• Assignment:
Only the lines of the listing below that run from the line with "Un festival goer" through the line with "Grammatik Grau trendigem" are to be set down, word for word. Pictures stay out.

• Data for processing:
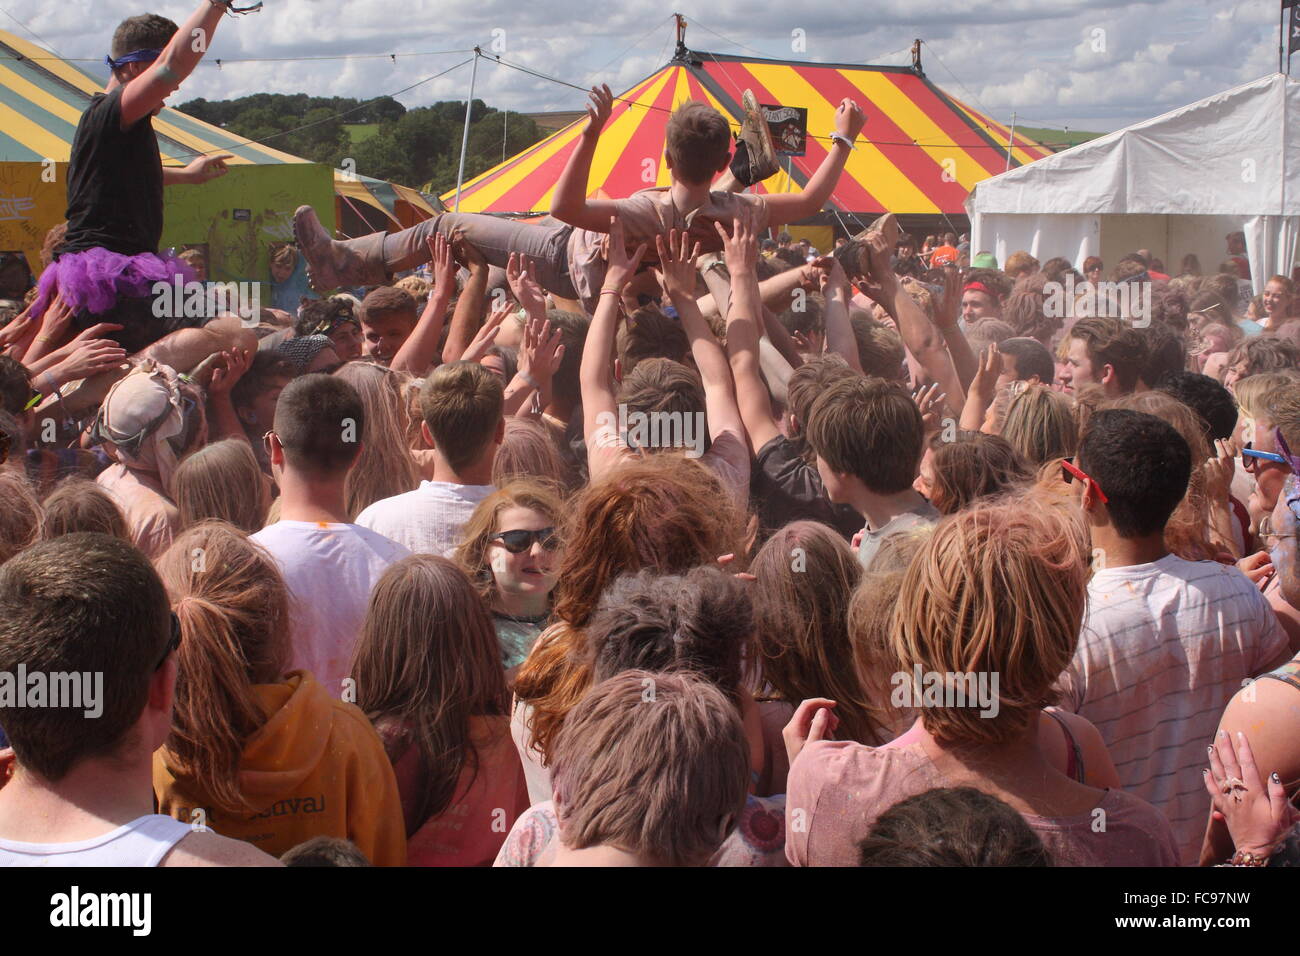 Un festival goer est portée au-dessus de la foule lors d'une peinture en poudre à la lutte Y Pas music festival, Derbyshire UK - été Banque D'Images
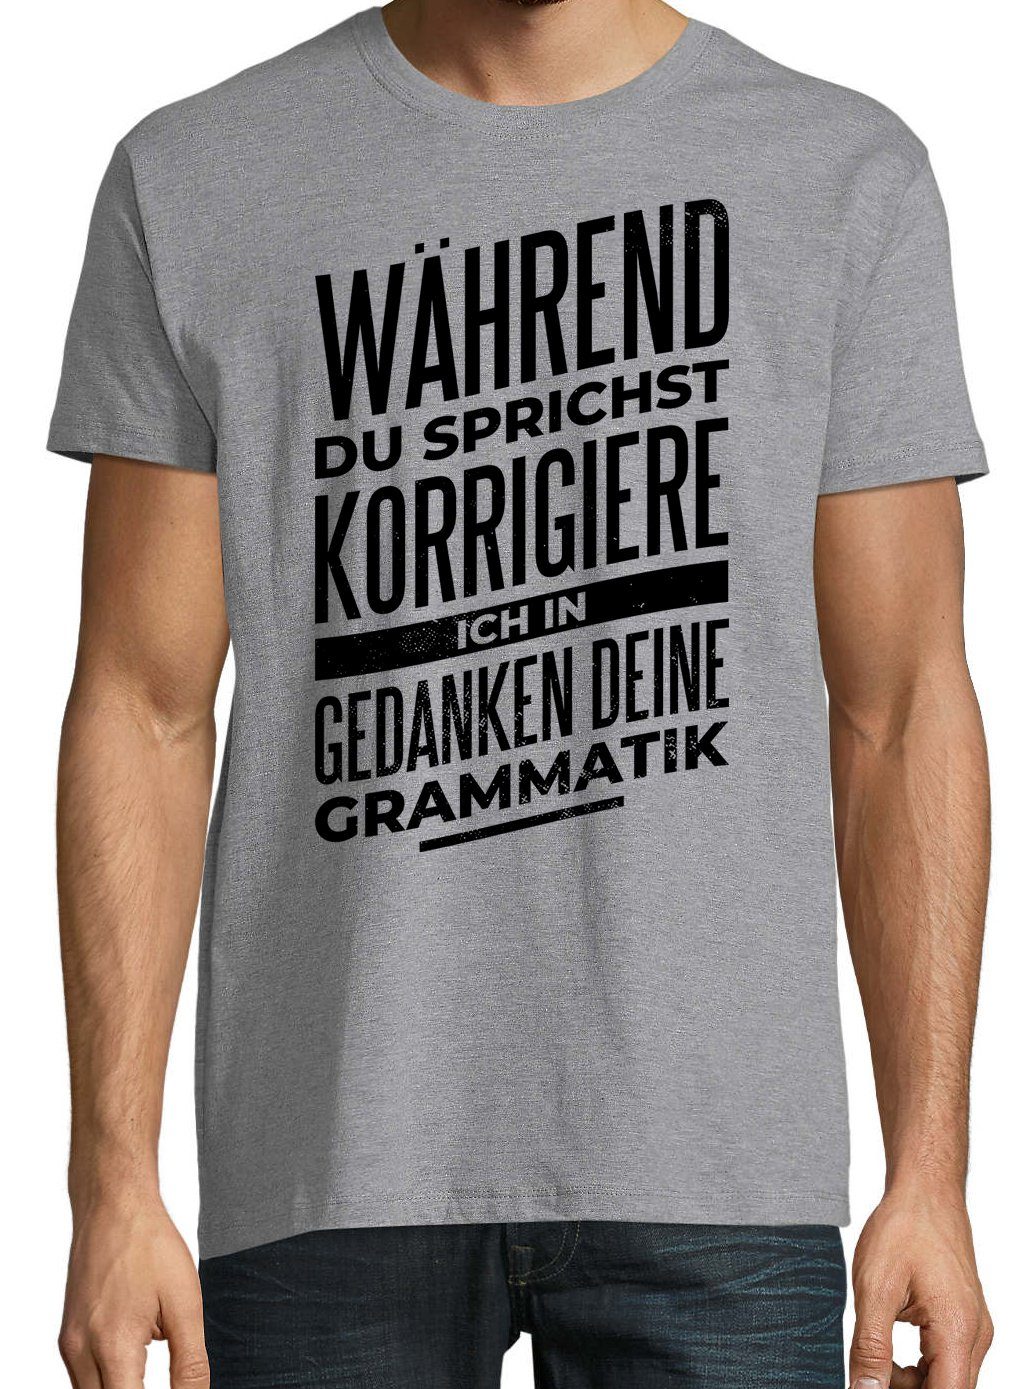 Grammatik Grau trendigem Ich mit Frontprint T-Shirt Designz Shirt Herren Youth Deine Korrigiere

==

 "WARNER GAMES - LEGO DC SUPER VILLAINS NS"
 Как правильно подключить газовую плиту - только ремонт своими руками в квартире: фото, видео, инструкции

• Result for this exercise:
 Un festival goer est portée au-dessus de la foule lors d'une peinture en poudre à la lutte Y Pas music festival, Derbyshire UK - été Banque D'Images
 Grammatik Grau trendigem Ich mit Frontprint T-Shirt Designz Shirt Herren Youth Deine Korrigiere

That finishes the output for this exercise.